Reputation: 397
i have a series of data, it looks like
sale20160101.txt,
sales20160102.txt,...,
sales20171231.
now i want to read them all and combine, but it also needs a date variable to help me identify their occurrence time,so the date variable will be 20160101,20160102,...,20161231.
my ideas is:
split filename into sale+"time"
duplicate time whenever i read according to number of data length
cbind data and time.
thx alot.
Upvotes: 1
Views: 981
Reputation: 887951
We could do this with fread
and rbindlist
from data.table
library(data.table)
#find the files that have names starting as 'sales' followed by numbers
#and have .txt extension
files <- list.files(pattern = "^sale.*\\d+\\.txt", full.names = TRUE)
#get the dates
dates <- readr::parse_number(basename(files))

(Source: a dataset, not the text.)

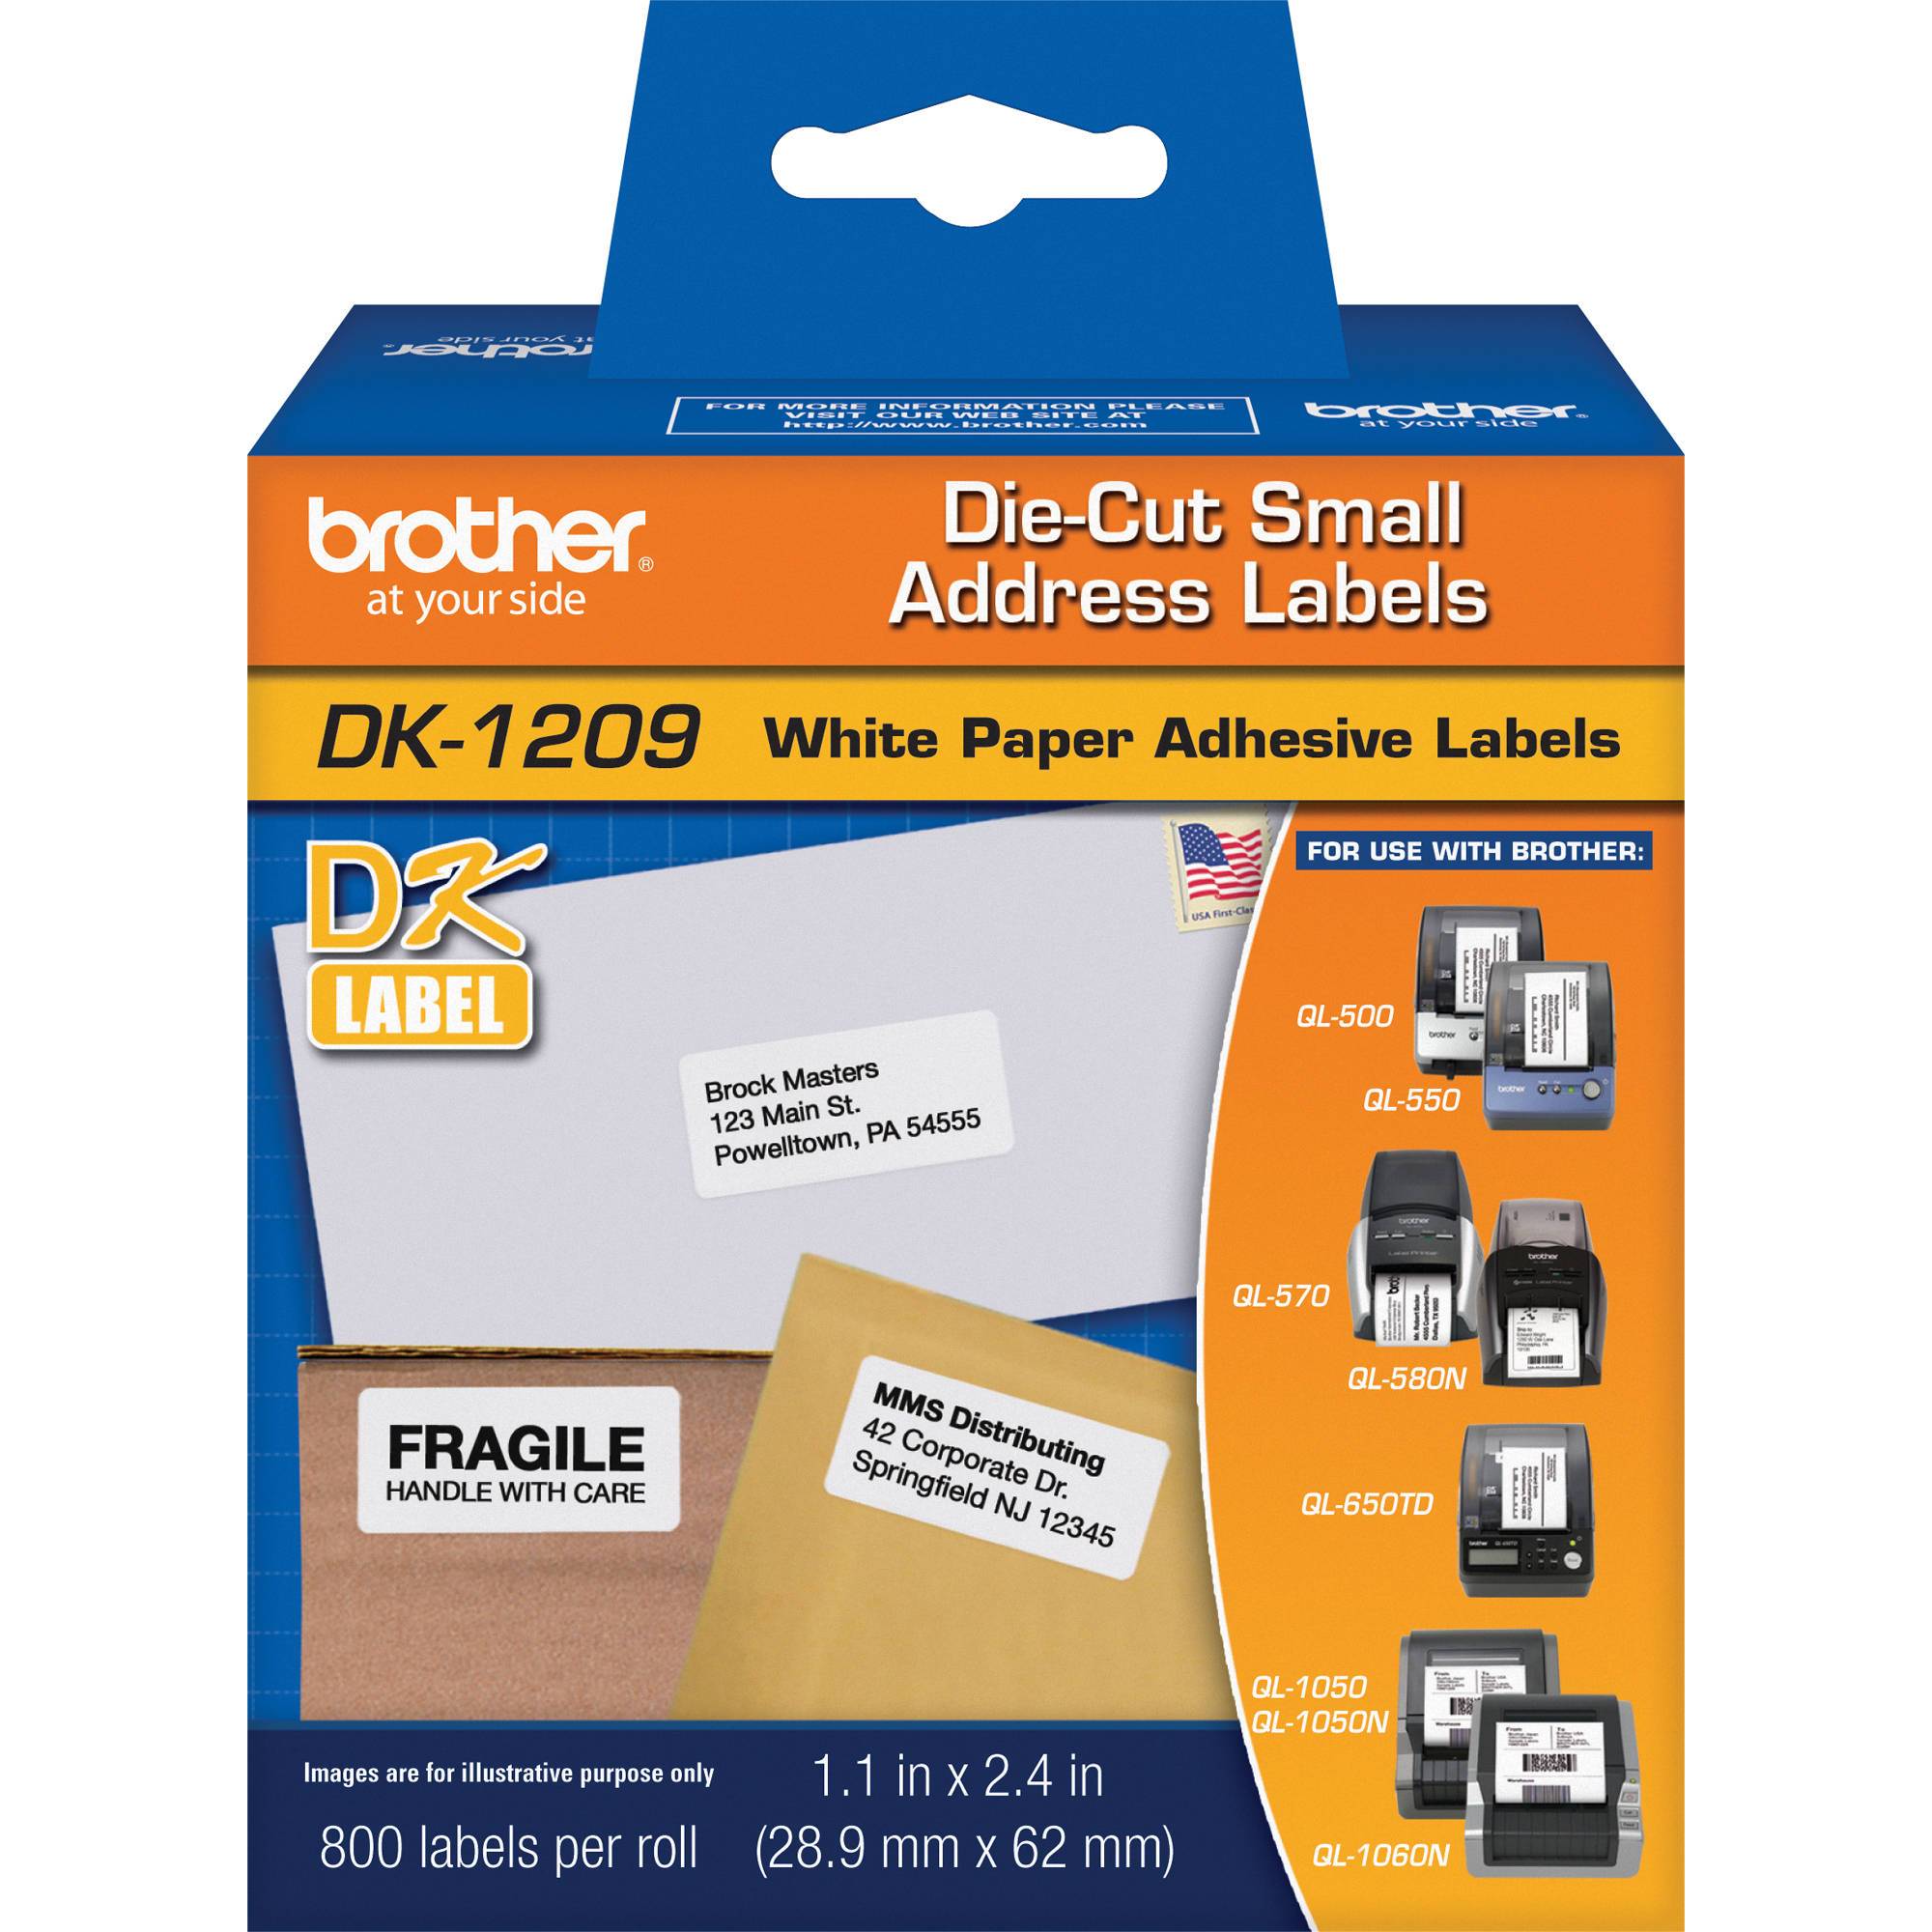 Absolute Toner Copy of Brother DK-1203 Original Genuine OEM Label Printer Labels Tape Brother Tape

#read the files into a list and rbind it
dt <- rbindlist(setNames(lapply(files, fread), dates), idcol = 'date')
Upvotes: 1
Reputation: 35392
I usually would do a variation of the following:
# find the files
ls <- list.files(pattern = '^sales')
# Get the dates
dates <- gsub('sales', '', tools::file_path_sans_ext(ls))
# read in the data
dfs <- lapply(ls, read.table)
# match the dates
names(dfs) <- dates
# bind all data together and include the date as a column
df <- dplyr::bind_rows(dfs, .id = 'date')
Upvotes: 1